Stigand was one of seven appointments to the episcopal bench necessary after the purge of the English bishops in April and May 1070, and may have been consecrated immediately upon the deposition of Æthelric (d. in or after 1076), bishop of Selsey, on 24 May. Consecrated by Archbishop Stigand in 1058, Æthelric was a monk of Christ Church, Canterbury, and was very likely the Canterbury monk Ælric named in the Life of King Edward as a relative of Earl Godwine of Wessex and ‘a man active in secular business and endowed with much wisdom in the ways of the world, [but] none the less beloved [at Christ Church]’ (Barlow 1992: 31), who was elected archbishop by the chapter after the death of Archbishop Eadsige on 29 October 1050. Godwine pressed Ælric's case with Edward the Confessor, but the king instead translated his Norman friend Robert of Jumièges from London.
As bishop of Selsey, Æthelric witnessed a handful of charters either side of 1066 before being deposed by the papal legates in 1070 and (according to John of Worcester) placed under custody at Marlborough, where there was an important royal castle. In 1071 Pope Alexander II concluded that the case required further examination, referred it to Lanfranc, and instructed King William to reinstate the bishop in the meantime, a direction that was evidently ignored. However, later Canterbury tradition claimed that as ‘a very old man, most learned in the laws and customs of the English’, Æthelric was brought ‘at the king's command, in a cart’ to the trial, held on Penenden Heath in Kent, of a dispute between Archbishop Lanfranc and Bishop Odo of Bayeux, there to advise on the law (Bates 1998: no. 69). The date of the trial remains uncertain, but 1072 is generally regarded as probable. Although the wise old bishop in the cart has long been seen as a corroborative detail of how the trial was conducted, it has also been argued that Æthelric was added to Canterbury's version of the proceedings as a way of symbolizing the continuing validity of the pre-conquest law on which the archbishop's case rested. Æthelric died on 14 August in an unknown year, and was commemorated at Canterbury as Ægelric ‘bishop and monk’.

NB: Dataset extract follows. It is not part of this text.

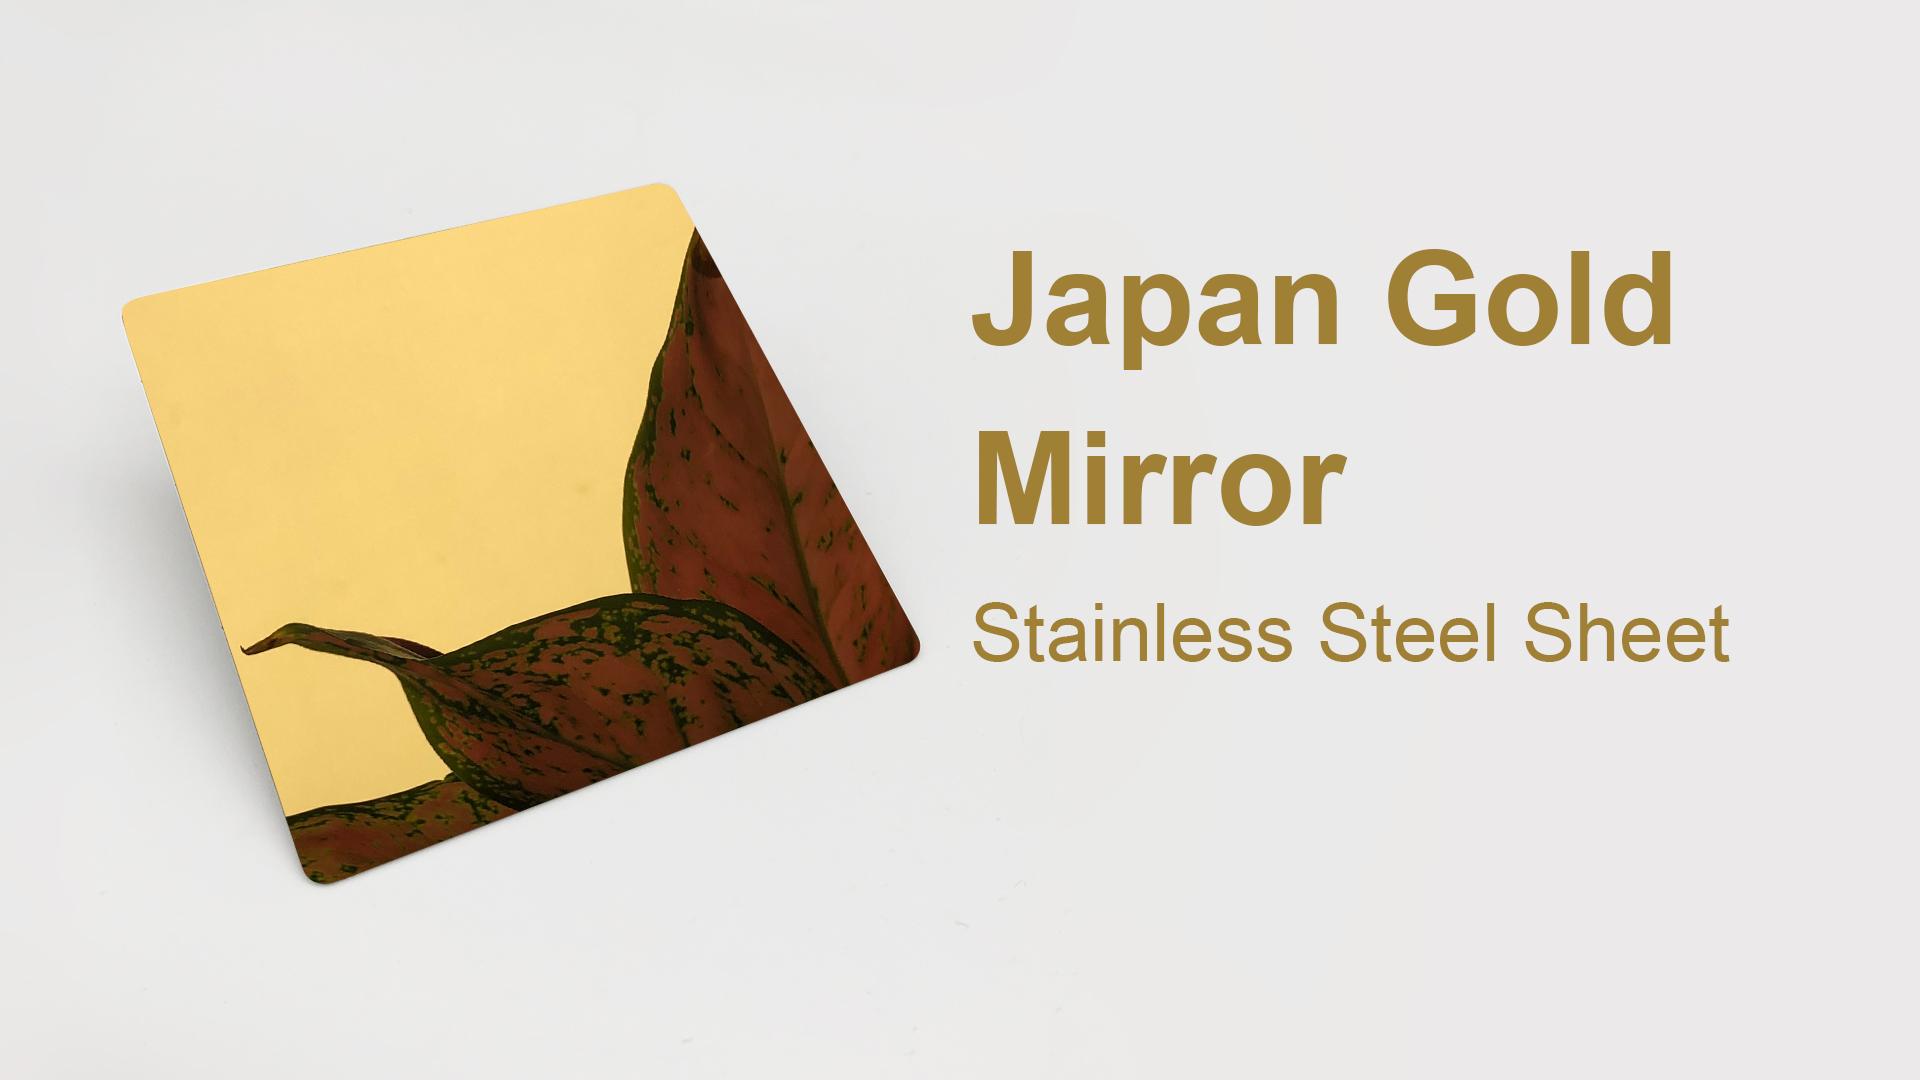 Japan Gold Mirror

Æthelric was definitively deprived of his see only in 1076, and his continuing presence may well have complicated the activities of his successor. The key event in Stigand’s poorly documented career as bishop was his transfer of the episcopal seat from Selsey to Chichester, sanctioned in 1075. For his cathedral he took over an existing minster church dedicated to St Peter that was the mother church of the city. There had probably been links between earlier bishops and St Peter's, and the former minster's status was recognized in the new arrangements. The cathedral dean, as successor to its head, had rights in the city that might otherwise have been the bishop's; the canons' sixteen hides near Chichester were separate from the bishop's manors in 1086; and the successor parish of St Peter Subdeanery continued to worship within the cathedral until the nineteenth century.
Stigand's most important task was to embed himself in his new cathedral. Almost certainly he began rebuilding the church, to a plan that comprised a presbytery of three bays ending in an ambulatory flanked by three apsidal chapels, a crossing tower with north and south transepts, and a nave of eight bays with western towers. The building was small by the standards of the huge cathedrals planned by some of Stigand's episcopal colleagues, and the eastern parts, the crossing, and half the nave may have been completed in or soon after Stigand's time. The stone came from Quarr on the Isle of Wight, which could be brought by ship and barge almost to the building site.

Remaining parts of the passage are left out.